Furthermore, during rotational motion, the bionic robot’s rotational speed fluctuates slightly around the commanded value, maintaining relative stability. When commanded to rotate about the Z-axis at 0.01 rad/s, the robot’s body position relative to the world frame remains stable, its velocity exhibits minor fluctuations, and its rotational speed and posture are well-maintained. This indicates that even with small-magnitude motion commands, the bionic robot can remain stable on uneven, unstructured terrain. The simulation results collectively demonstrate that the bionic robot is capable of performing stable linear motion, rotation, and turning on randomly uneven ground. It can follow desired trajectories while maintaining a relatively stable body posture, confirming the feasibility and robustness of the implemented gait for the bionic robot.
Conclusion
This work has detailed an integrated approach to enhancing the performance of bionic quadruped robots for industrial applications.
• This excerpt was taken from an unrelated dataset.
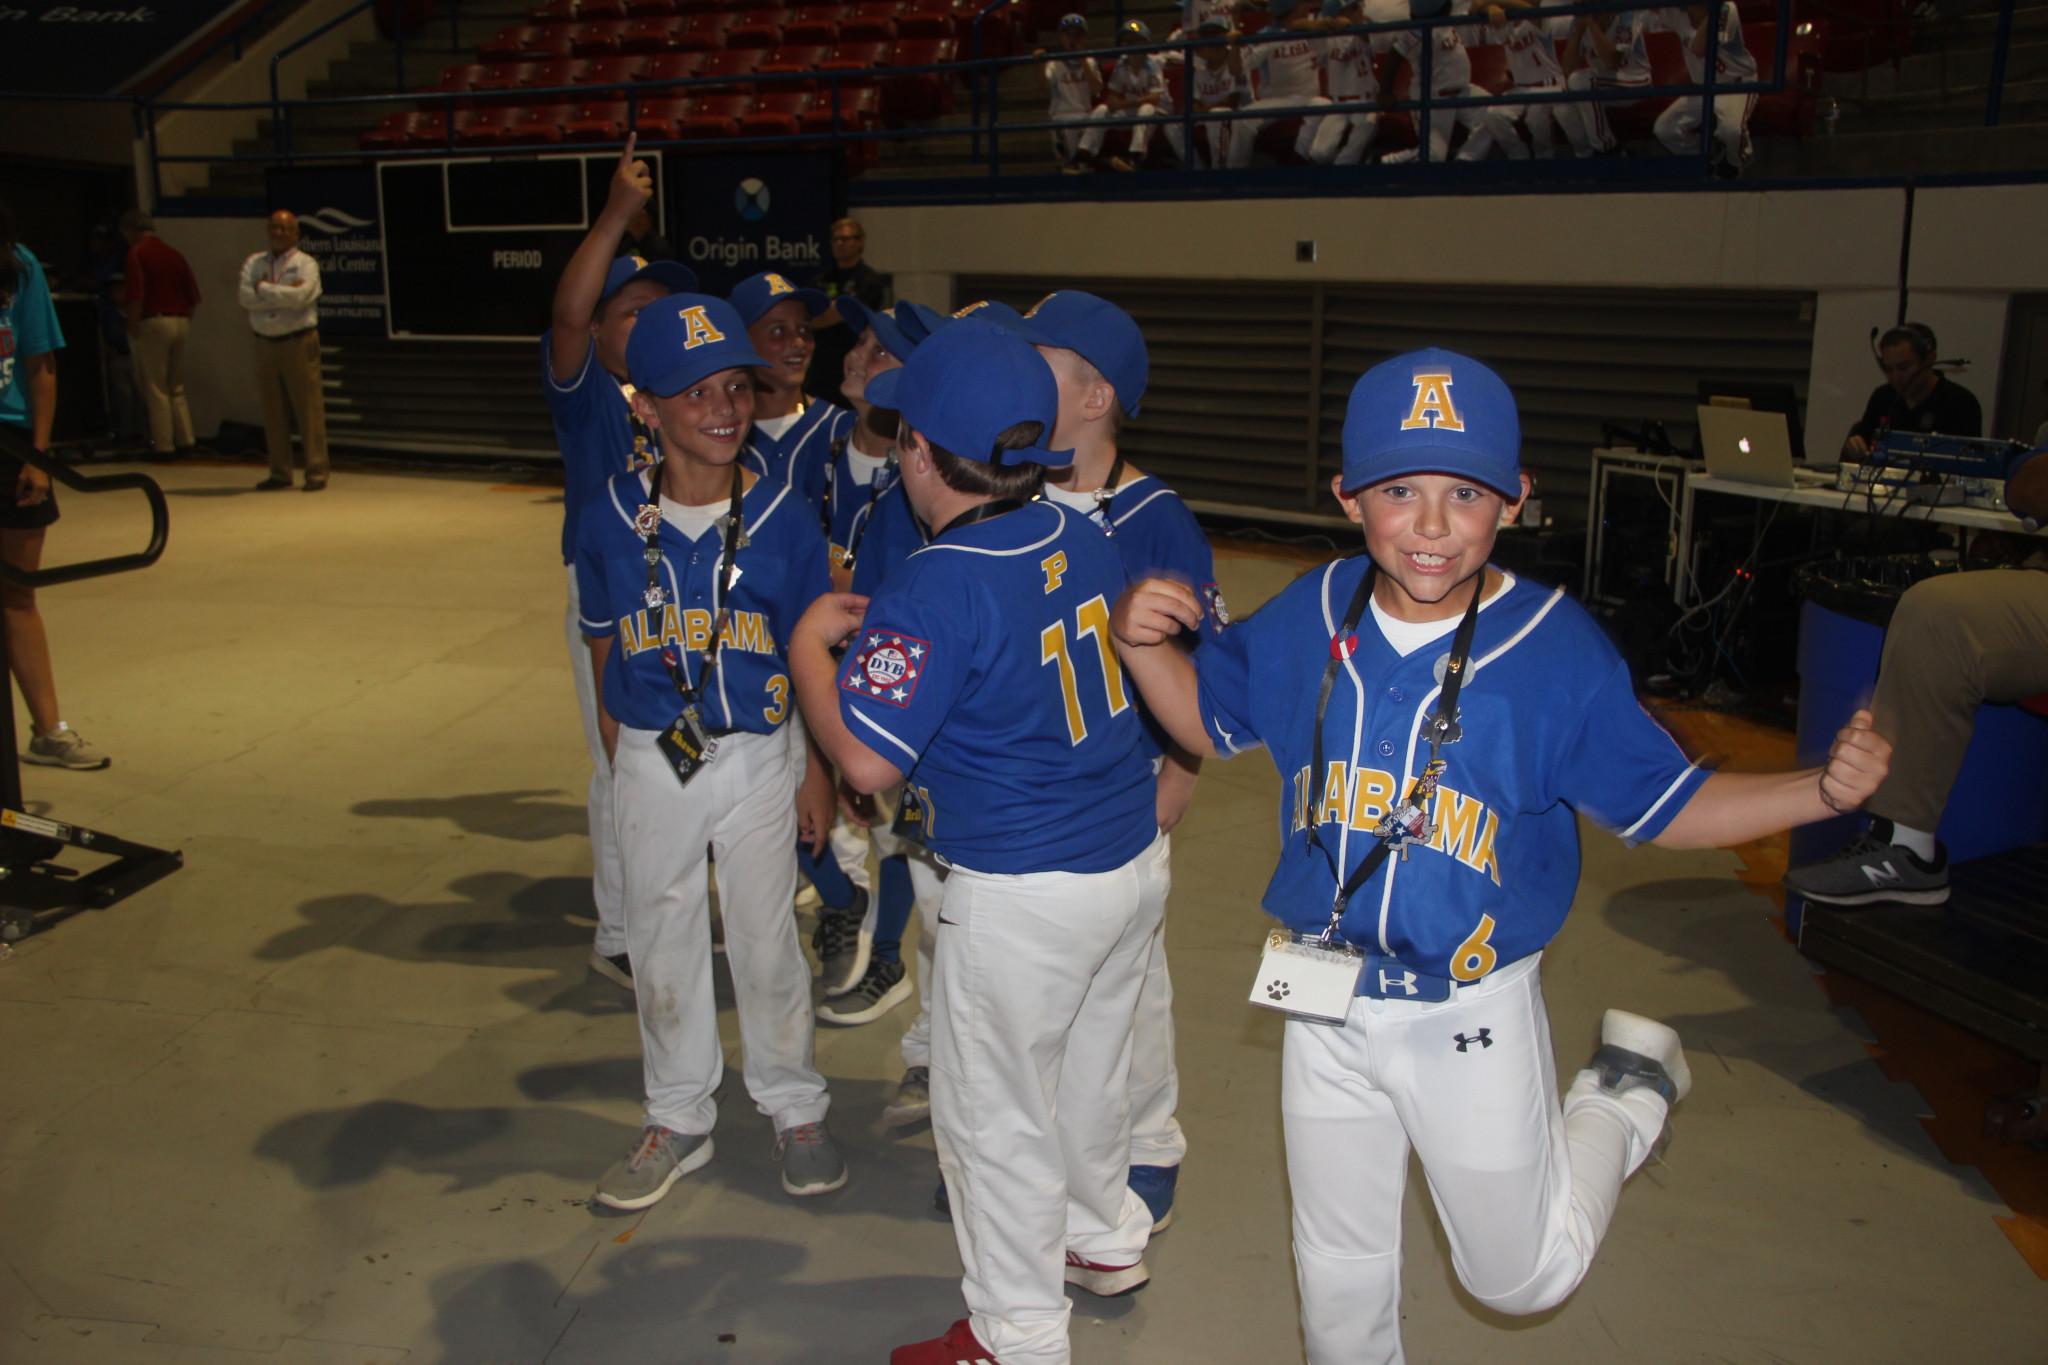 Piedmont, Alabama team
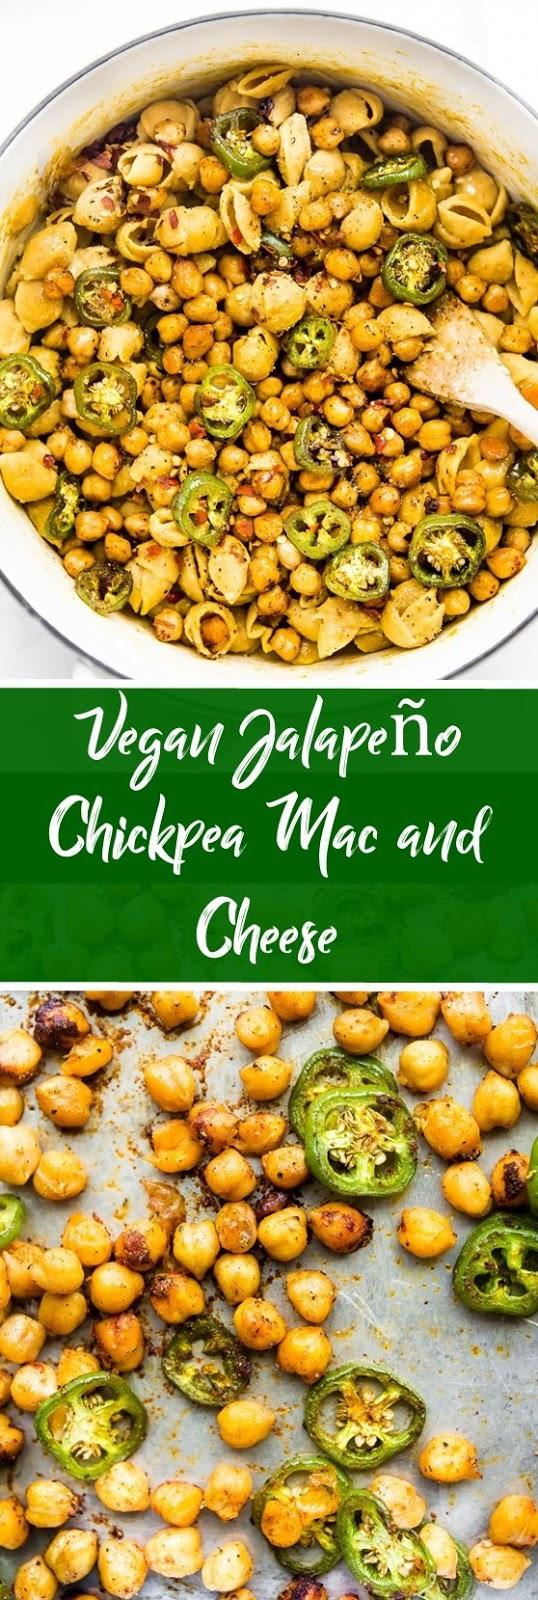 Vegan Jalapeño Chickpea Mac and Cheese #vegan #veganrecipe #healthyrecipe

By leveraging the mechanical properties of 3D-printed composites, the foot-end process of the bionic robot was optimized, leading to significant improvements in load-bearing capacity and deformation resistance. Furthermore, through the establishment of a comprehensive simulation environment in Gazebo and the design of advanced control algorithms, the gait patterns and foot trajectory planning for the bionic robot were refined. Experimental simulations and kinematic calculations validated that the optimized bionic robot possesses strong adaptability, flexibility, and robustness, enabling it to navigate various complex, unstructured environments effectively. As these sophisticated bionic robots become increasingly integrated into industrial settings, they are poised to be a critical driving force in the rapid transformation and upgrading of traditional industrial models towards digitization, intelligence, and full automation. The continuous evolution of bionic robot technology represents not only a pinnacle of engineering but also a foundational technology for national competitiveness in the era of smart manufacturing.